AI Assisted Scams: Cautioning the Artistic World and Highlighting Protective Mechanisms
By Nico Hahlos, USyd placement student, Arts Law
The increasing sophistication of AI has amplified risk for artists, who now face a heightened likelihood of facing large-scale intellectual property appropriation; functioning to destabilise the creative economy, and endangering the livelihoods of artists. Certainly, AI has reared its ugly head for artists. What was once forwarded as an innovative extension of creative tooling, has now emerged as a disruptive force in the artistic environment. Indeed, rather than facilitating artistic production, AI has now destabilised the economic and moral groundings of authorship itself. This is observable in two distinct risks posed by its development. Firstly, AI companies rely on the unpermitted use of creative work- whether literature, music, or art- as an educational base for their own systems: ‘teaching’ it how to generate similar content. Secondly, it has facilitated AI-driven scams targeting independent artists. As will be delineated, this has produced disastrous consequences, whereby legal enforcement is increasingly difficult to attain, and the reputational harm is immense.
Self-sustaining theft
At a systemic scale, generative AI has assisted the mass collection of vast datasets comprised of art, images, text, and music; conducted without the consent, recognition or renumeration of impacted creators. Problematically, these practices are frequented by large corporate technology companies, who frame such uses as being fair. The resulting outputs however, have been observed to compete with the very artists whose property has been harvested. Indeed, this blurring of the boundary between inspiration and appropriation has functioned to undermine traditional intellectual property protections, while destabilising creative markets as demand for original production is curbed.
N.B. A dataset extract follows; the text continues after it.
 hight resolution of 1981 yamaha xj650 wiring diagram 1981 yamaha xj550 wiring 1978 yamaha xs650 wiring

A key example of this comes from Spotify, which has been noted to host AI generated versions of existing songs, produced by legitimate musicians. These often imitate musical elements unique to these artists: style, voice, and composition. The problem is multifaceted. Financially, in the Spotify example, streams and royalites would be diverted from the human artists, impacting their livelihoods. Beyond fiscal returns, such practices illuminate an institutional asymmetry: whereby creators bear the cost of ‘production,’ and corporations siphon the economic benefits. This theft is particularly problematic on an extrapolated scale, wherein accumulated cultural identities, and signatures of artists are being commodified to reinforce the market dominance of technology firms.
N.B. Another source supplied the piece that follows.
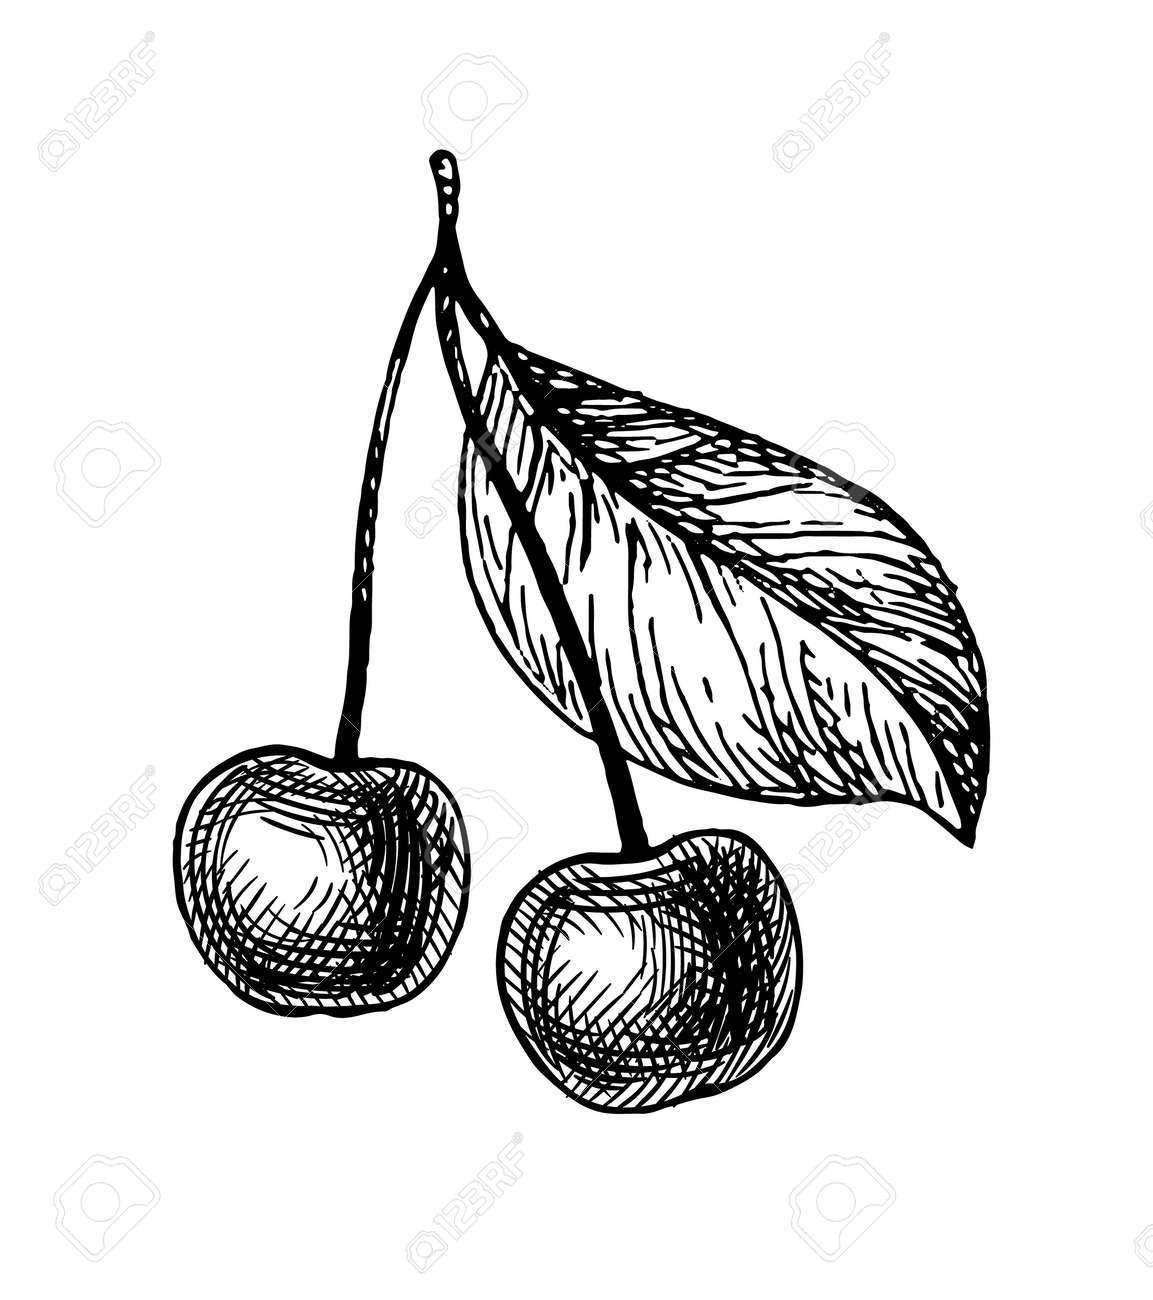 Cherry ink sketch. - 171667128

Supercharging predatory scams
Beyond systemic creative theft, generative AI has amplified the efficacy of predatory scams, whereby AI has produced highly personalised, and realistic targeting schemes for authors and artists. In effect, this has complicated identifying the traditional red flags characteristic of such schemes, as AI-communications are often designed to mimic legitimate industry actors. Such communications are easily formulated- wherein AI can efficiently comb through author biographies, social media activity, and publication histories- and hyper-personalised to the aspirations of the individual. This has been a change of tactics for scams: moving beyond volume to psychological manipulation.
A key example of this involved debut novelist Jon Cock, who was rorted of $10,000 by a network of scammers utilising AI-generated correspondence. Credible expressions of interest in his work were followed by fraudulent demands for author licenses, and marketing packages: exploiting the clear lack of experience in junior artists. As noted, this form of “relationship fraud” does not represent a one-off extraction of credit card details but involves a sophisticated operation extending weeks or months. These tactics are easily scaled, carried out, and completed: improving success rate while maintaining low operational effort.
The perceived legitimacy of these operations not only stems from the building of personal relationships, but via the creation of deceptive corporate facades. For example, investigations conducted into a network publishers- notably that of ‘Melbourne Book Publisher’- revealed the use of cloned websites and generated staff profiles. These operations often favour impersonating industry giants such as Penguin Random House; serving as a ‘honey trap’ for aspiring writers. Again, the reproduction of proven and identifiable branding reduces operational effort while maintaining the perception of legitimacy.
Shortcomings of the legal field
Legal institutions often face significant hurdles in regulating these operations, as current copyright frameworks appeal to an older form of theft. The struggle to address models drawing from millions of sources at unprecedented speed, is exacerbated by how easily such operations are reproduced. For example, where a fraudulent site is removed, it is easily replaced under a new domain. Enforcement mechanisms are further hampered by established business advertising these schemes on their websites: also fuelling the perceived legitimacy of such scams. As such, these uses of AI pose an existential threat to the creative field; more so than ever requiring vigilant practices from artists, and a shift away from ‘reactive’ punishment.